In offering this volume to the public, the writer trusts, that, with all its imperfections, it will be found not uninteresting to his townsmen, or, perhaps, to the general reader. At least it had frequently occurred to him, that an amusing and instructive book might be made on the subject which he has handled.

The volume does not contain one half of the lives which the author would have wished to have placed in it. He has been obliged to lay aside biographies which would have been well worthy of insertion. Those who do not consider the difficulty of selling a large work will ask why they have not got the lives of Gilbert Jack, Dr. William Barclay, Walter Donaldson, John Johnston, David Wedderburn, Dr. Patrick Dun, Andrew Cant, Provost Jaffray, the very learned Dr. John Forbes, Andrew Baxter the metaphysician, the Gregories, Gibbs the architect, Mor-ison the botanist, Baillie Skene, the Rev. John Bisset, Professor John Kerr, the Gerards, and the Fordyces; to which we answer, that all these men are fairly entitled to places in a collection of Aberdeen biographies, and would all have been here had there been room for them.

This volume is the first of its kind, as far as the writer is aware, that has been published in Scotland. On the Continent, numerous compilations have been made of the biographies of men belonging to particular cities. “The authors belonging to such and such towns,” says Jeremy Collier, “have been taken care of by several collectors. Thomasinus has given us a register of those of Padua; Bumaldi, those of Bologna; Hieronymo Rubei has preserved those of Ravenna; Coria and Ripamonte, those of Milan; Hugolino Verrino has mustered the writers of Florence; Sanders has done as much for those of Ghent; and so has Julius Puteanus for the lawyers of Yerona; Lewis Jacob has left an account of the authors of Chalon upon the Saone; and the Sieur Pitton has done the same for those of Aix in Provence.” To this list, furnished by Collier, several additions might be made.

While the writer feels a warm interest in the honour of Aberdeen, he has not judged it a wise method of promoting that honour to deal in undeserved eulogiums on the eminent men whom it has produced. He also could never discover the propriety of the practice, in common use, of making every man a saint whose good fortune it has been to have his life written; and he ventures to express an opinion, that the cause of morality and truth is not in very safe keeping with writers who adopt this system.

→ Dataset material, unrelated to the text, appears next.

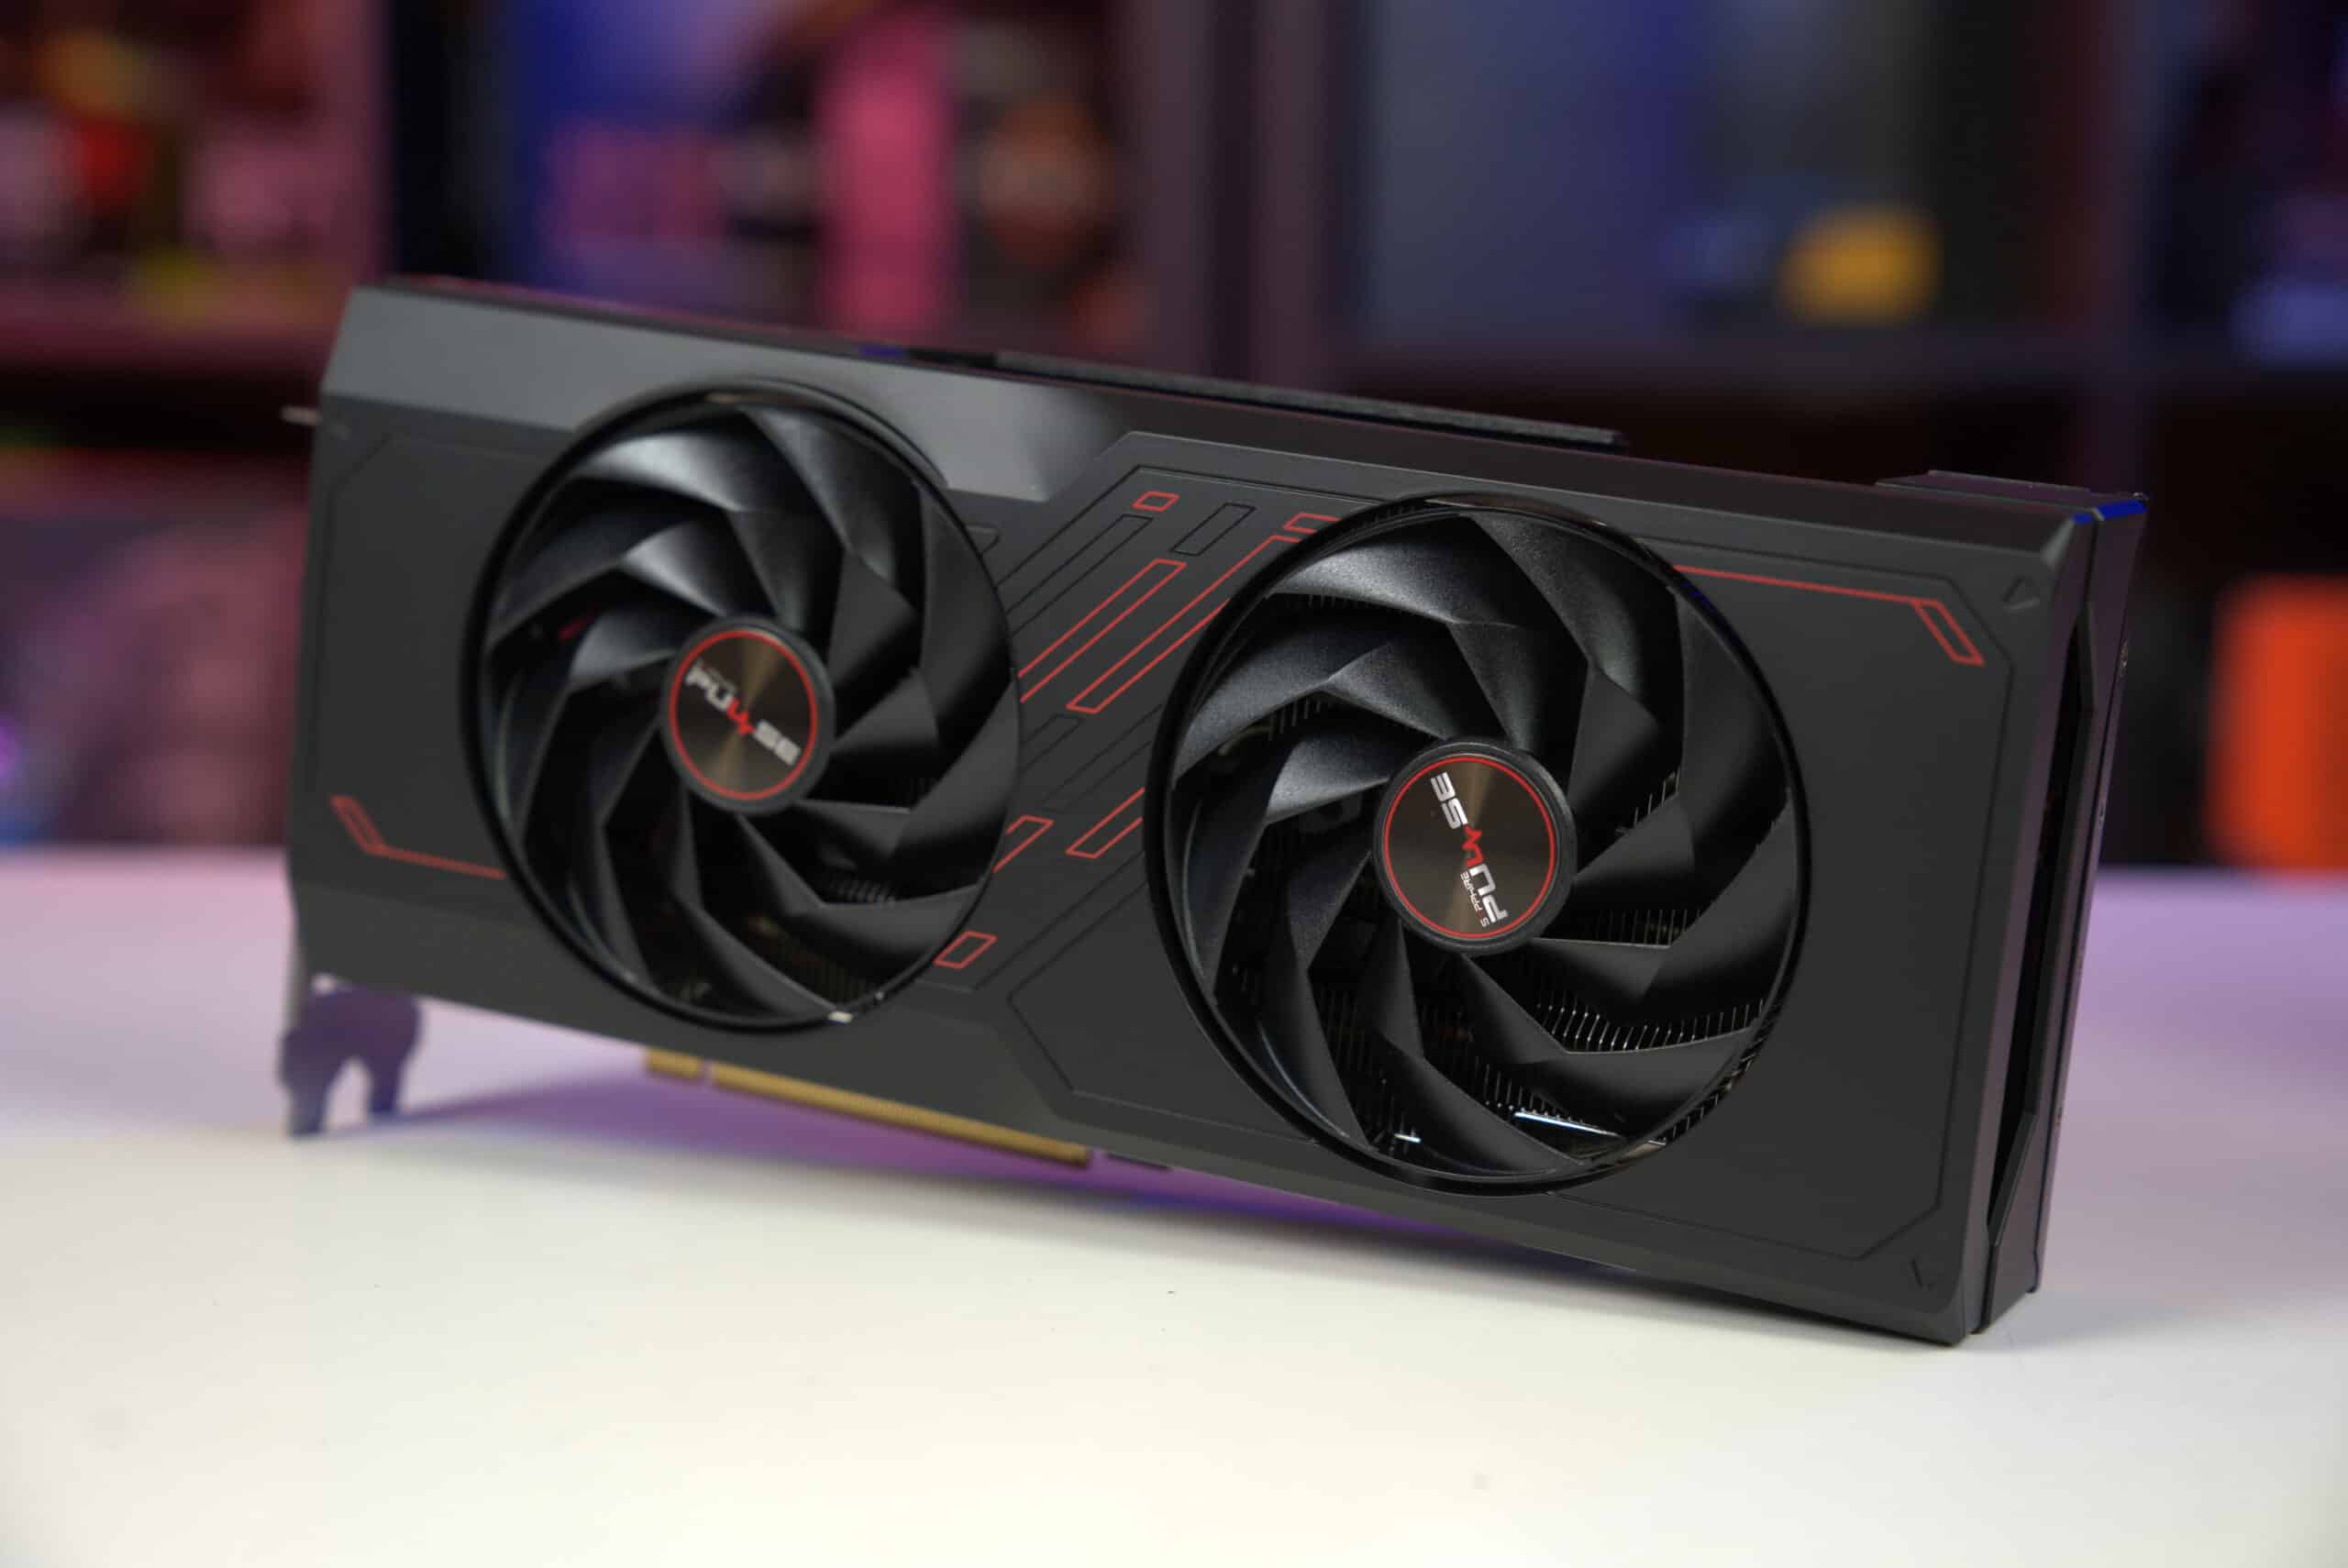 A high-performance RX 7700 XT dual-fan graphics card on a desk with a blurred background.
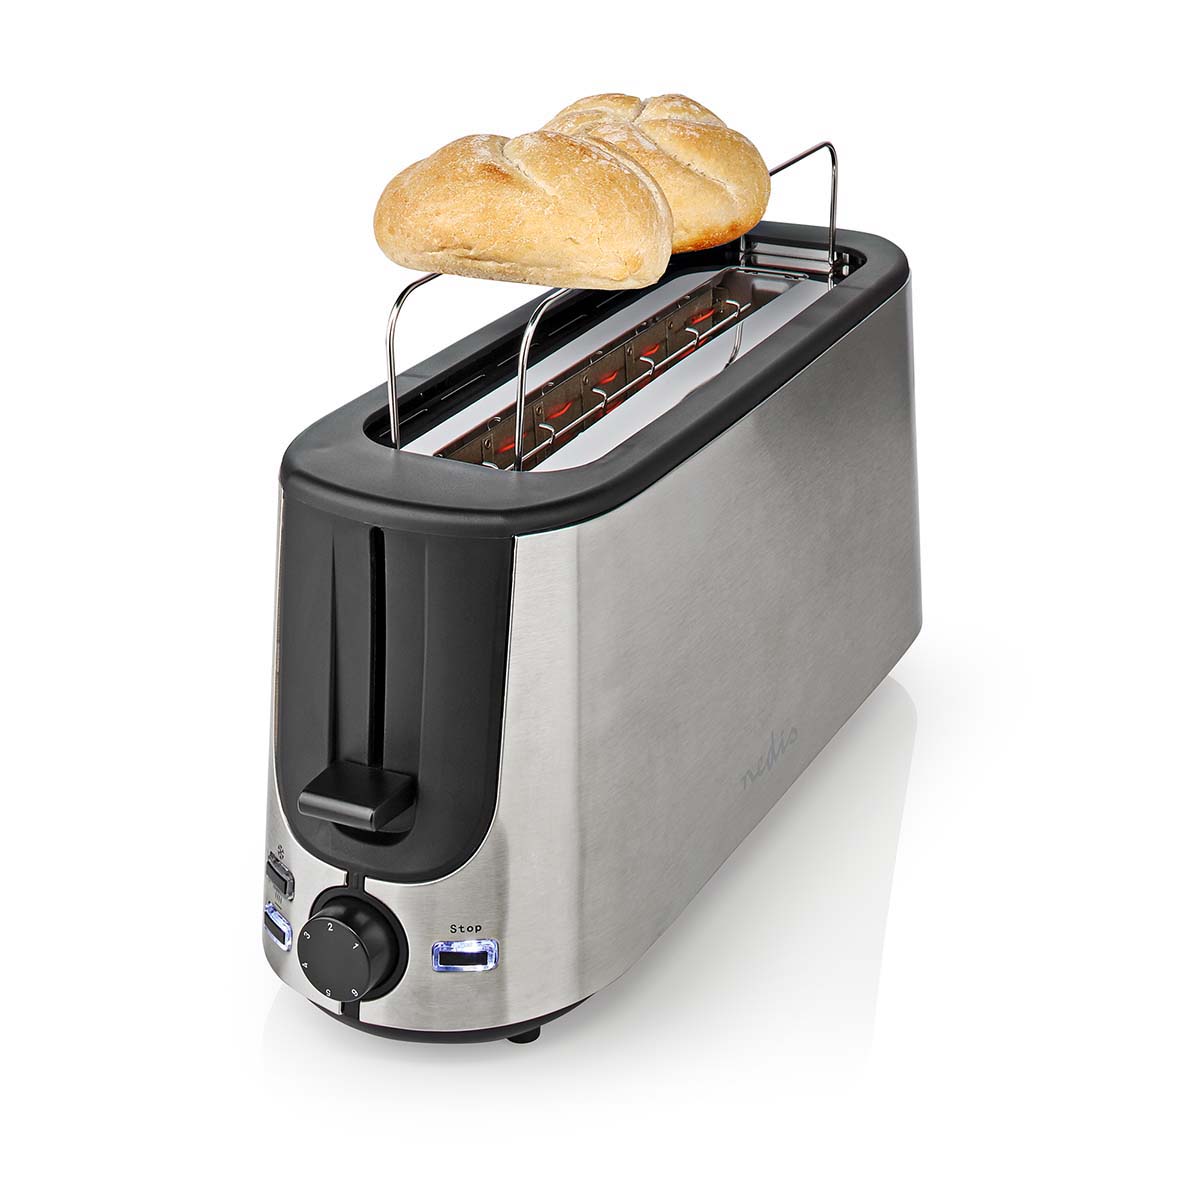 Toaster, Stainless Steel Series, 1 Slot

Without troubling the reader any further with professions, the writer may be allowed to state,— with great deference, however, to the judgment of those who think otherwise and may know much better,—that he conceives that the great end and object of writing history should be, not the mere settling of disputed dates and the fixing of contested localities, nor even the clearing up of the family connexions of great men and the tracing of (t endless genealogies which,” as the apostle says, e( minister questions rather than godly edifying,” but the exhibition, according to the writer’s ability, of human nature in its various appearances—the exposure to the world of truth in all its loveliness, and virtue with all her charms. This object, in favour of which he is obliged to confess that he entertains a strong prejudice, the writer has never lost sight of for an instant in these pages; but, directly or indirectly, has framed every sentence in accordance with it. On this account, perhaps he will not be very strongly reviled for stepping, as he has sometimes done, out of his more immediate subject, in order to do something, in an humble way, in vindication and support of the neglected interests of sound morality and sound religion, as applicable to the most trifling as well as to the most important actions of men.